First look at PHP PDO and LAMP (or WAMP)

Try removing the ";" from the include statement in pdo1.php to admire the elegance and precision of the resultant error message.

A brief word on auto-commit

To commit your SQL updates is to write the changes to the permanent database; in this sense, it is like save. So far we've assumed that there is a commit operation performed after every insert or update; this situation is called auto-commit. Generally, auto-commit mode is an attribute of your database connection; if auto-commit is true then a commit is performed after every SQL statement that potentially alters the database.
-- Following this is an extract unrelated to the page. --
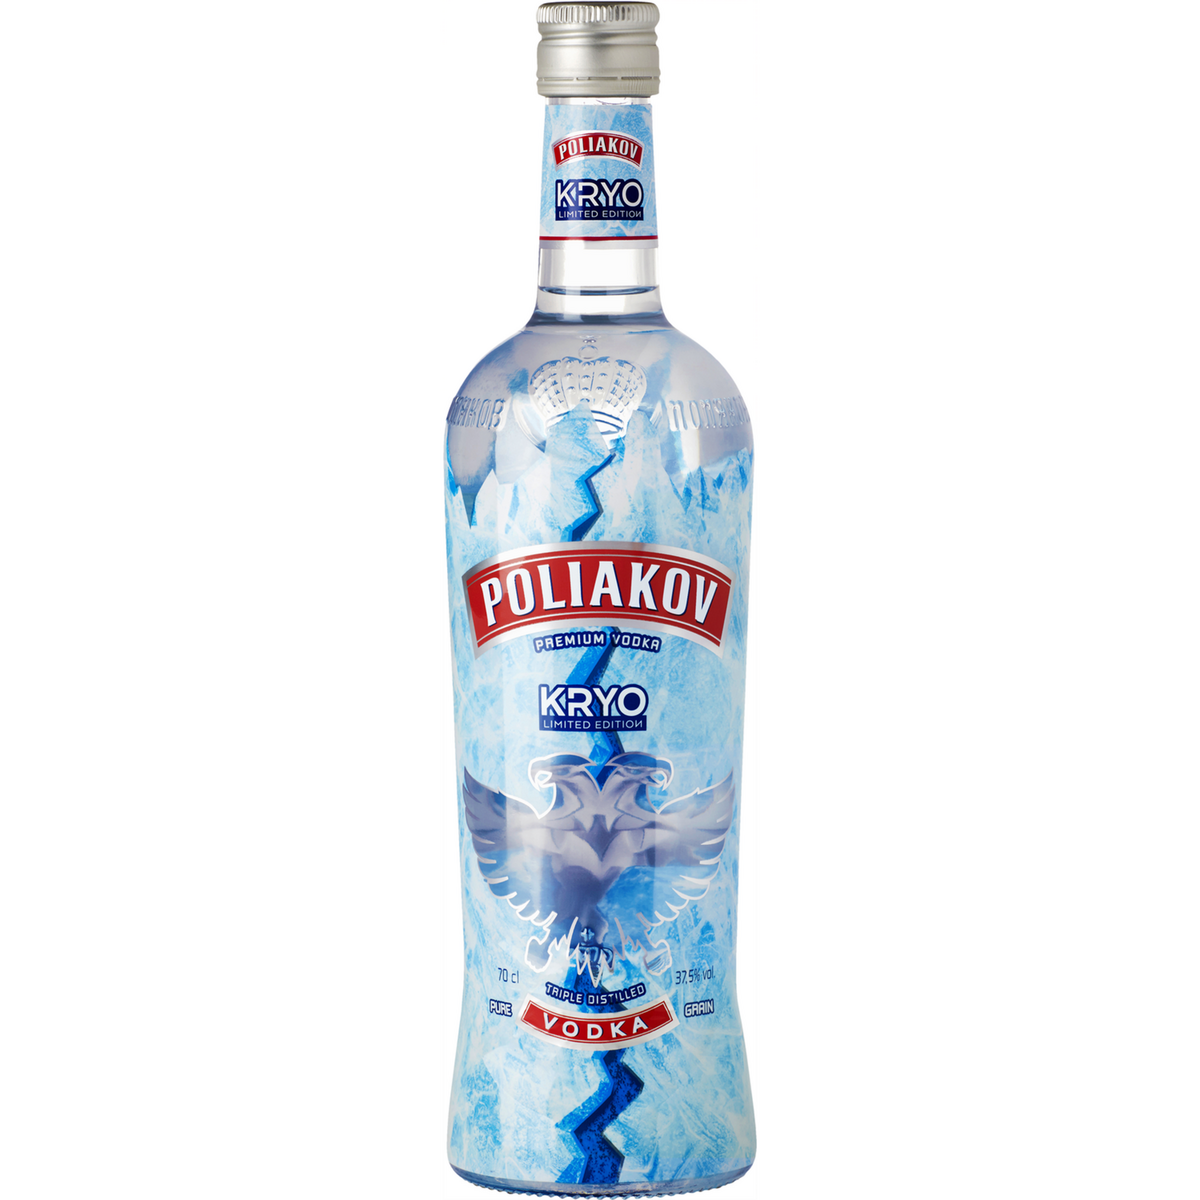 POLIAKOV Vodka Premium Kryo Pure grain Edition limitée 70cl

The alternative to auto-commit is to execute a group of updates, and then explicitly invoke the commit operation at the end, to commit all the updates together. A group of SQL statements between consecutive commits is then called a transaction; all the statements of the transaction are committed together. Usually, though, we want a stronger assurance: that all the statements of the transaction either succeed, or none of them do (this is implicit if we know that commits always succeed, but this is not the case in the real world). This is known as the atomicity requirement, the first part of the ACID test (atomicity, consistency, isolation, durability). The idea is that a transaction should be atomic, that is, indivisible: the individual queries that make it up should be executed as a unit.

Instead of a commit, a user may also issue a rollback, which means to throw away all the actions back to the previous commit, thus discarding the transaction.
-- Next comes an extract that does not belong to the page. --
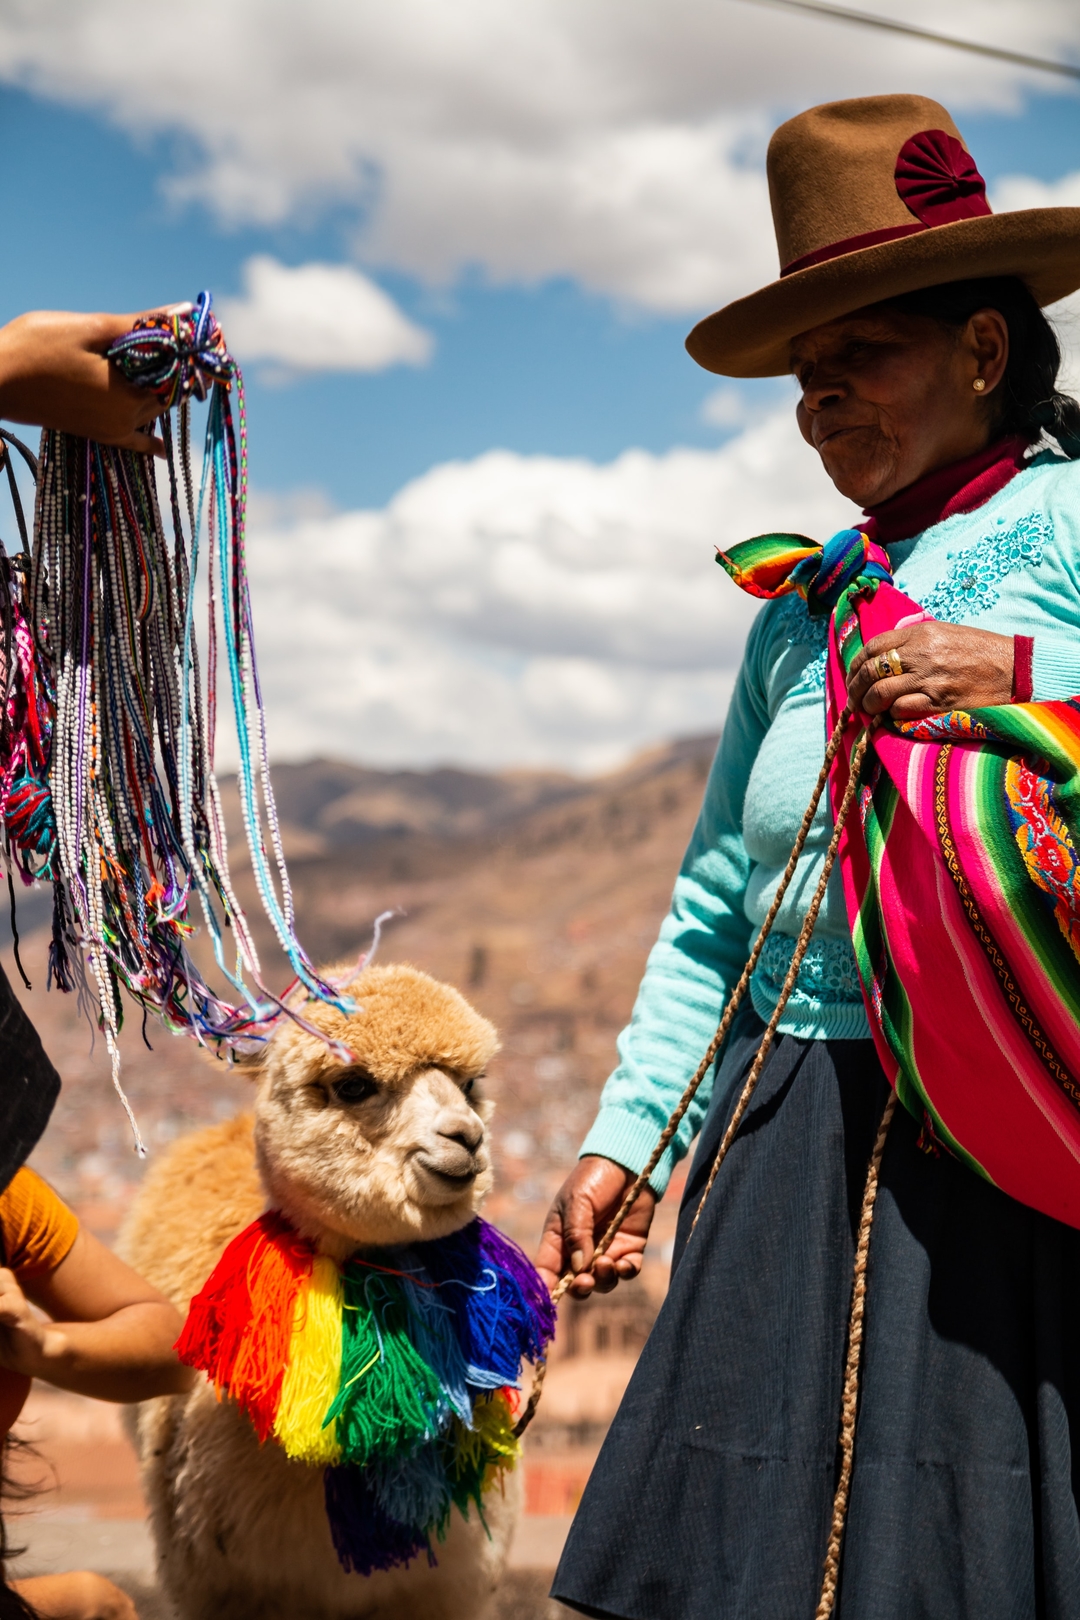 Old Peruvian lady with alpaca

We'll stick with auto-commit for a while longer, but be aware of two things:

This is why there is no "save" operation
auto-commit is not universal; sometimes you need manual control

Entity-Relationship modeling

Here's a summary for the construction of entities:

Look for the "concrete" objects in the problem domain
List the attributes of each entity.
Break compound attributes down into atomic attributes
Attributes can, at this stage, be multivalued
Indicate the (single-attribute) key for each entity
Do not use other entities as attributes; model this instead at the relation stage
This may leave some entities ("weak" entities) without a complete key. Just mark them as such
Weak entities will be tied to some other entity through the defining relationship.

Relationships

Initially we arrive at Fig 7.8, with four entities: DEPARTMENT, PROJECT, EMPLOYEE, DEPENDENT. Note that Works_on here is shown as an EMPLOYEE attribute; it could also be represented as a PROJECT attribute. How are we representing department membership? Who works on what? Who is in charge of what projects?
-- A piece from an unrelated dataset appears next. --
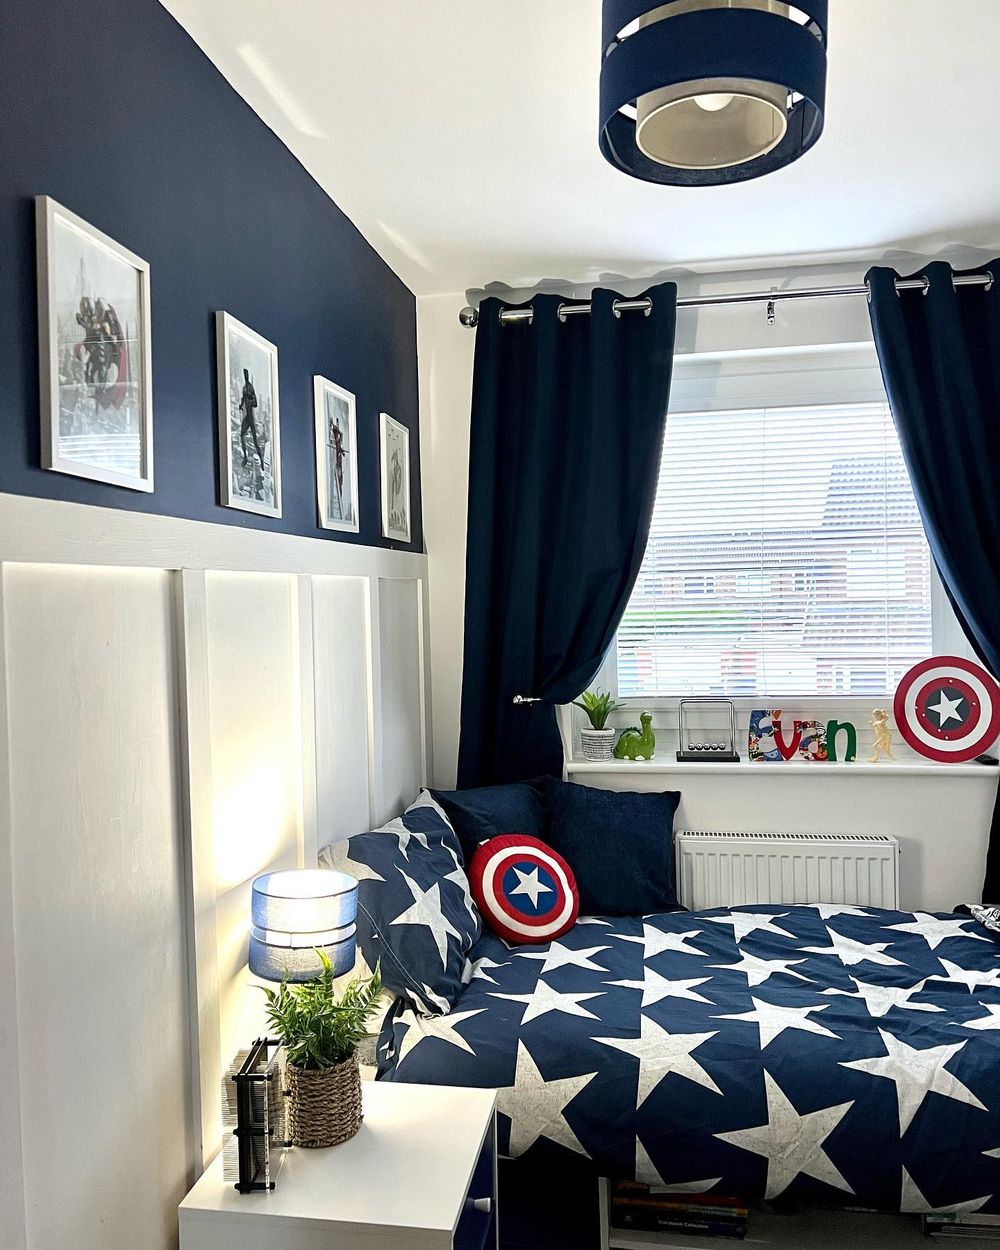 Boys bedroom decor Navy blue color theme home_at_cedar1

Note some of the attributes in figure 7.8 refer to other entities. These are our first relationships; these will likely end up translated into foreign key constraints.

A relationship formally is a set of ordered tuples ⟨e1,e2,...,en⟩ where each ei is a member of entity Ei. Some entities here may simply be attributes (eg the hours attribute of the WORKS_ON relationship ⟨employee,project,hours⟩.

The tuples in a relationship must each have a clear meaning to the application. Relationship names are usually verbs, and should make sense "left to right" (and sometimes top to bottom). That is, we would prefer the relationship name supervises because it fits in with
SUPERVISOR----- supervises ------EMPLOYEE
We could also use
EMPLOYEE ----- reports_to ------ SUPERVISOR

Most relationships are binary (possibly with added attributes); ternary and higher-degree relationships are less common.

At this stage, we may model a relationship as a (typically multivalued) entity attribute; consider again how we modeled WORKS_ON in Figure 7.8.

When a relationship involves multiple entities, we can assign a role name to each entity. Commonly this is just the name of the entity (eg EMPLOYEE), but in relationships between an entity and itself (so-called recursive relationships), we have to use different names. Consider the example of the SUPERVISES relationship.

Example: fig 7.11; note that the righthand SUPERVISION oval contains references to pairs of entities in the lefthand EMPLOYEE oval.

For entities, it is often the case that we elect to use synthetic keys: arbitrarily generated "ID numbers". This makes sense for departments and employees. Relationships, however, typically have a natural key consisting of one primary key from each entity; using synthetic keys (eg order numbers) should stand out. A good example of this is the GRADE_REPORT table, indexed by student_number and section_identifier (and with attribute grade).

How should we model SECTION in the school database? We did model it as an entity, but could we model it as a ternary relationship between course, semester, and instructor? No, if we allow an instructor to teach two sections of the same course in the same semester.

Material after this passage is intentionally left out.